The Rt Rev. Avgustyn Ivanovych Monsignor Voloshyn  (, , 17 March 1874 – 19 July 1945), also known as Augustin Voloshyn, was a Carpatho-Ukrainian politician, teacher, essayist, and Greek Catholic 
priest of the Mukacheve eparchy in Czechoslovakia.
 
He was president of independent Carpatho-Ukraine during its single day's existence (15 March 1939).

Life
Voloshyn was born 17 March 1874 in Kelecsény, Carpathian Ruthenia, Máramaros County, Austria-Hungary (now Kelechyn, Ukraine). He studied at the Ungvár (now Uzhhorod, Ukraine) School of Theology and at Budapest University. He became a Greek Catholic priest and in 1924 was appointed a papal chamberlain (thus gaining the title of Monsignor). From 1900 to 1917 he was a professor of mathematics at Uzhhorod Teacher Institute. 

In 1918 he became head of the Subcarpathian National Council, which in 1919 asked Czechoslovakia to confederate Carpathian Ruthenia into Czechoslovakia; this came about in autumn 1919. In 1925 he was elected an MP to Parliament in Prague, as leader of the Ruthenian National Christian Party.

On 26 October 1938 Czechoslovak President Hácha named Voloshyn head of the government of the Subcarpathian Autonomous Region. Following the breakup of Czechoslovakia in March 1939, Voloshyn tried to proclaim Carpatho-Ukraine's independence and, with the help of local units of the Czechoslovak Army, on 15 March 1939 for a few hours became president of Carpatho-Ukraine. He proposed, to the Kingdom of Romania, Carpatho-Ukraine's unification with Romania, but the proposal was rejected and one day later the region was occupied by, and annexed to, Hungary. On 19 March 1939 Voloshyn, under the protection of the last Czechoslovak troops, retreated to the border of Romania, an ally of Czechoslovakia. Voloshyn then fled to Prague, where he lived during the war and was a professor at the Ukrainian Free University. 

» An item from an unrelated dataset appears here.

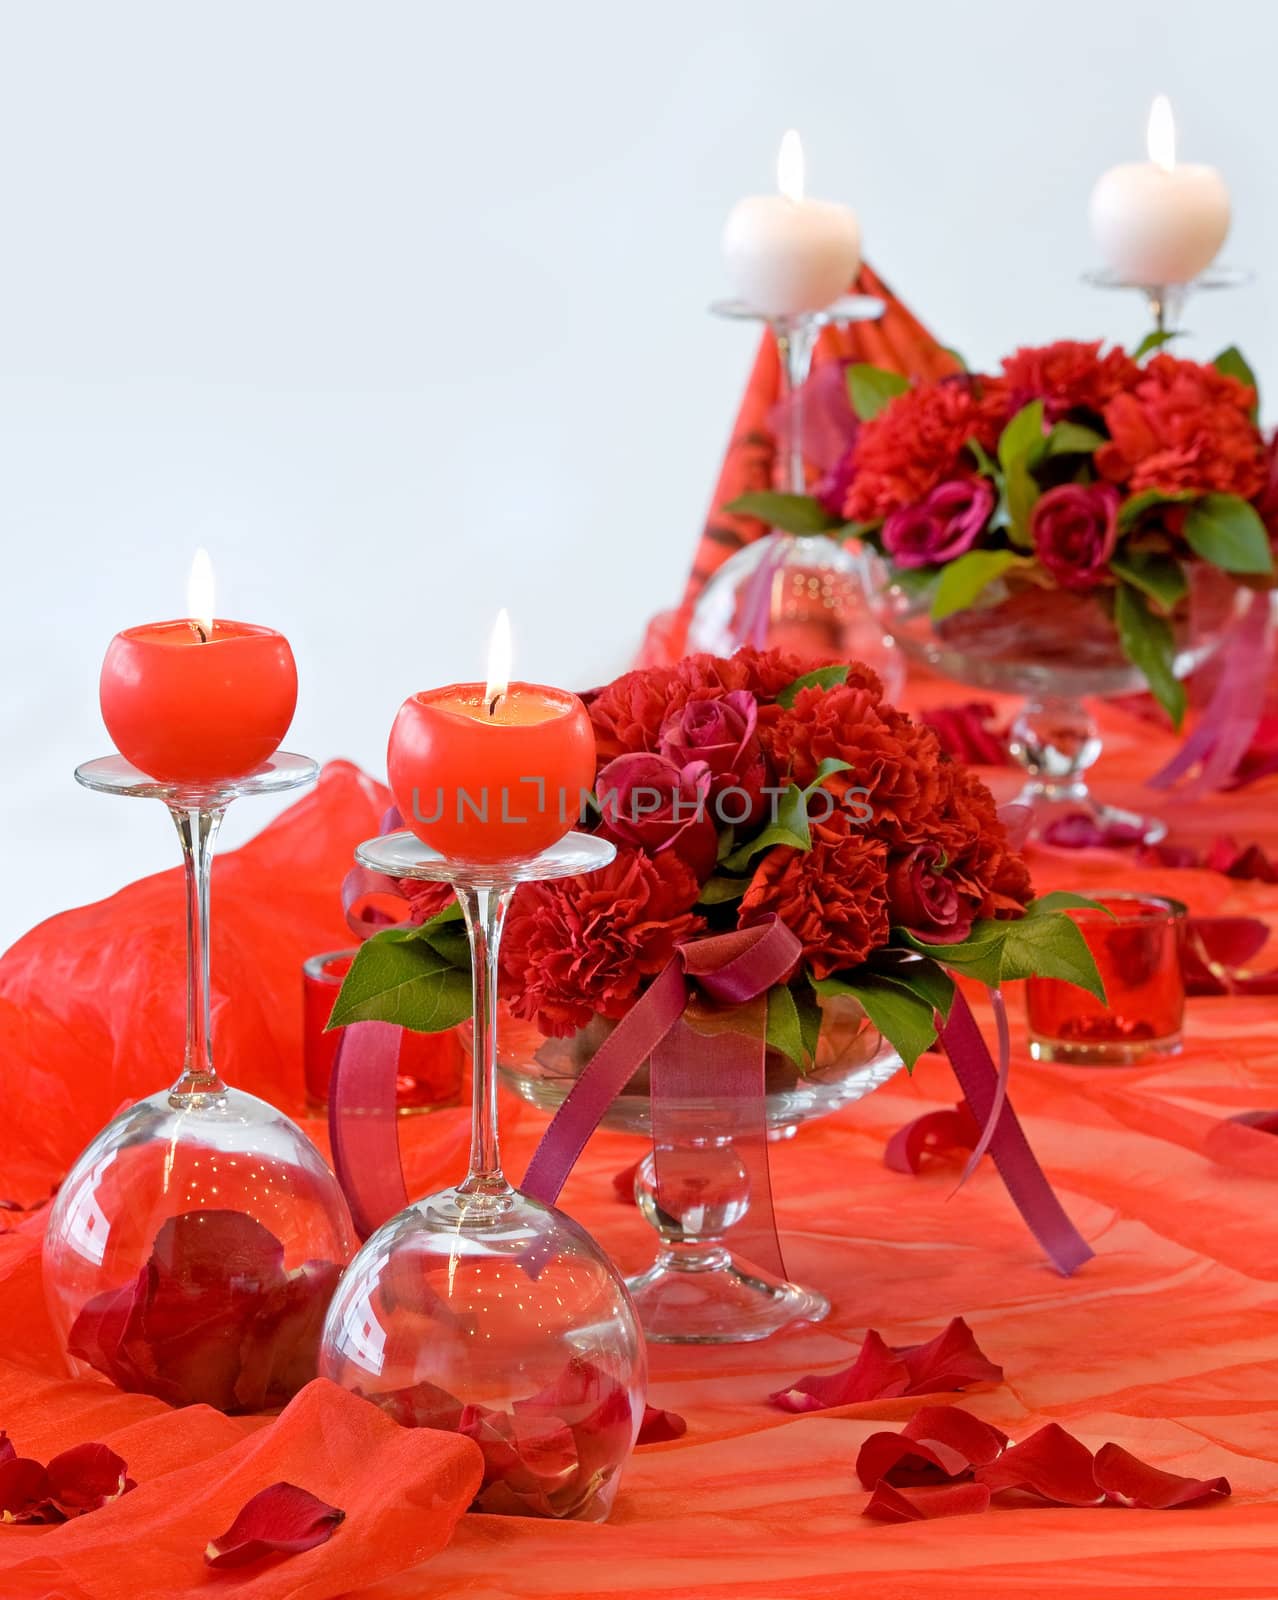 Decorated table by fotoedgaras

In October and November 1944 the Soviet Red Army captured Carpathian Ruthenia, which was incorporated into the Ukrainian SSR. (The government of Czechoslovakia subsequently, on 29 June 1945, agreed to the territory's cession.) The population of Carpathian Ruthenia thus became Soviet citizens. 

When the Soviet army took Prague in May 1945, Voloshyn was arrested by the NKVD and taken to Moscow. Though he had never been a Soviet citizen, he was accused of being a "Ukrainian nationalist and hostile to the Soviet Union." He died 19 July 1945 in Moscow's Butyrka prison; the official cause of death was given as heart failure. Voloshyn's burial place is unknown.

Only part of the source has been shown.